I had this work done that would provide the raw material for the assembly and they asked if I could generate the list of clone overlaps for them and organize it, so I did that, and I guess that was in March 2000, and I thought that was all I was going to do. Once you’ve done the alignments, they’re just the first step to actually then identifying all the alternative splicing stuff.
Then it turned out that the assembly wasn’t going very well. It looked like the other things were kind of getting bogged down because they were trying in a sense to do too good of a job, and the data wasn’t there to do a really good job in the first place, so even a relatively crude assembly was a huge improvement over no assembly at all.
So initially I focused on just trying to write a very simple thing that I knew wouldn’t be perfect, but would be a vast improvement over no assembly. Actually, though, it kept growing, and by the last version that we finally handed over to the NCBI, it had 13 inputs and was getting to be a very complicated program. Their own program, which was somewhat fancier, was started earlier and finished later, but when it was finished it was basically just as good…So by that point it was so much better for everybody to be on the same page, so we moved to their assembly once their algorithms got solid enough.
So for other organisms now, there are a couple of whole-genome assemblers out there — Arachne from the Whitehead and Phusion from Sanger.

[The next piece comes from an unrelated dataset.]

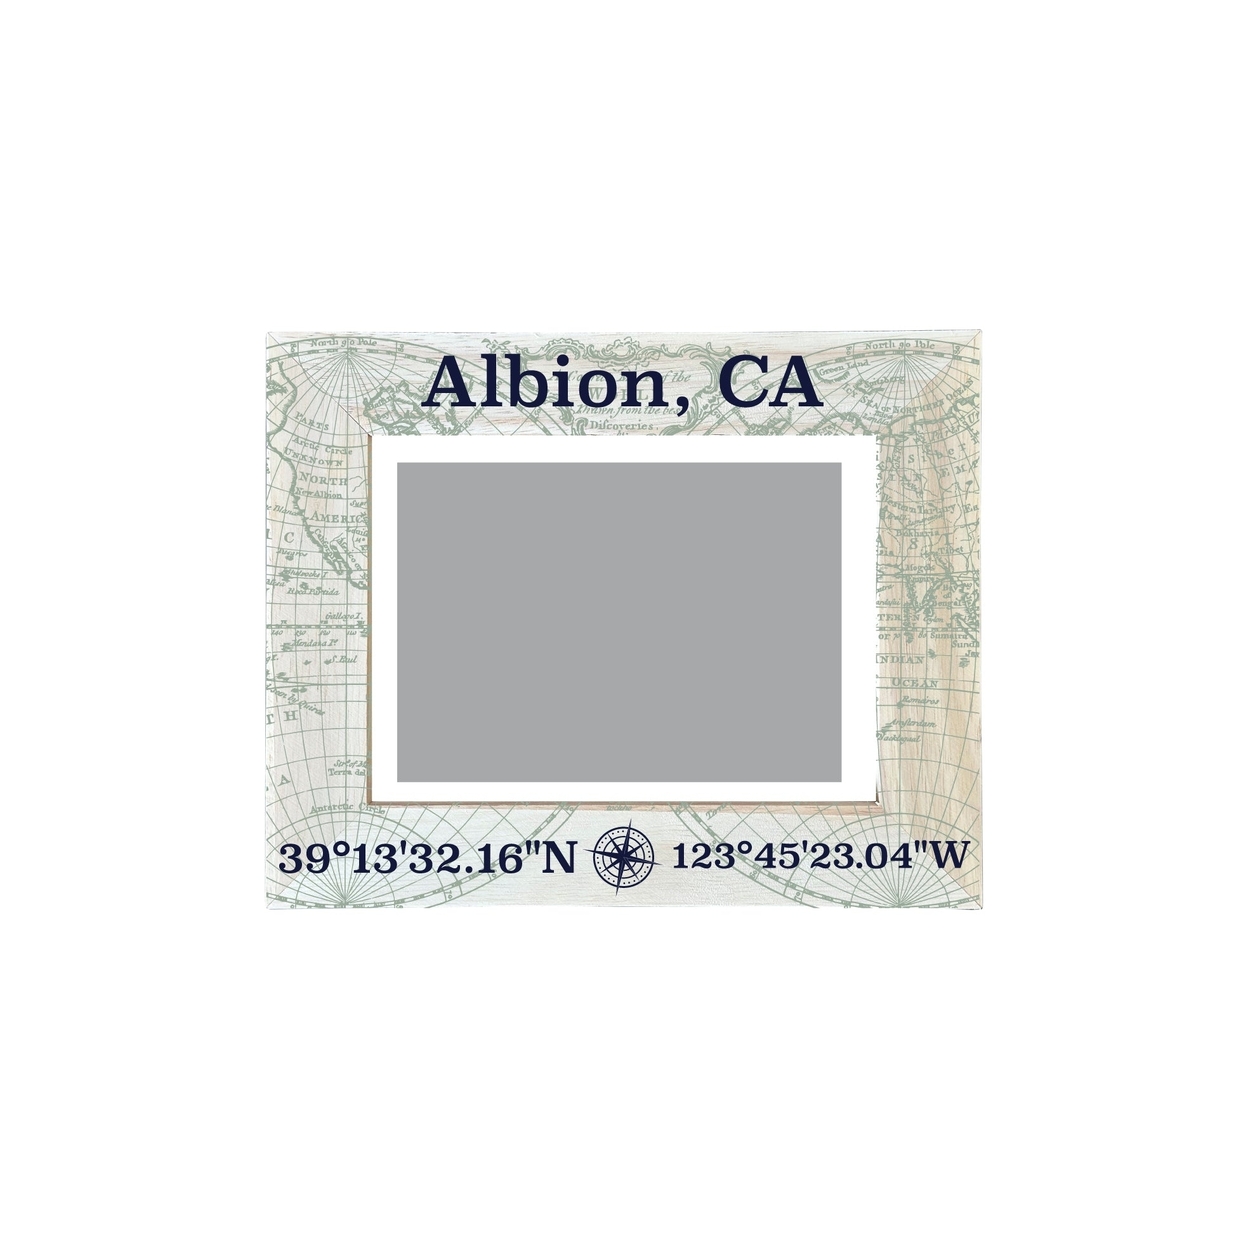 Albion California Souvenir Wooden Photo Frame Compass Coordinates Design Matted To 4 X 6

Oh, I’m out of this now [laughs]. But I’m somewhat of an expert in spite of myself on assembly now, and do evaluate them. With mouse, we did a reasonable amount of the evaluation — NCBI did as well — and it was largely a comparison between Phusion and Arachne, and they went back and forth. The Phusion team was extremely graceful in the way they took it when Arachne was chosen for the final product…and from what we can tell it is higher quality than the Celera one, but they both are not finished by any means.
Can you talk a little about the kind of research you’re doing on regulatory regions?
There are really two broad angles that we’re taking. One is looking for conserved non-coding things using comparative genomics with human and mouse, and now we’re starting to get a lot of species. It’s very clear that that’s not the final answer, but it works pretty reliably, and at this stage it’s so hard to get experimental data on these things, so conservation across genomes is one of the things you definitely can get.
Then, the other approach is based on finding clusters of co-regulated genes. Just looking in the neighborhood for motifs from them. That is going more slowly. We have a pretty good tool called the Improbizer. In the worm it seemed to be working quite well if you feed it a whole bunch [of sequence] from the start codon upstream — worm genes are remarkably compact, so maybe just 500 bases for a co-regulated cluster of genes. One input is supposed to be enriched for your motif that you’re finding, and you give it another input, which is your background level. So if you’re looking for liver-specific genes, you might feed it in putative liver promoter regions, and for the background you might give it all promoter regions. We’ve got a couple of researchers in worm who have pursued it, but in human, we’re somewhat flummoxed on two ends — in finding the transcription start site in the first place, and then also getting clean regulatory information.
Like the genome itself, some of this information is helpful in many, many other ways, so I’m tending to focus on that at the moment, so focusing on collaborations with the MGC [Mammalian Gene Collection] to get data on the genes which for my personal research will then hopefully define transcription start, and then collaborating with Affymetrix to get nice, clean expression information.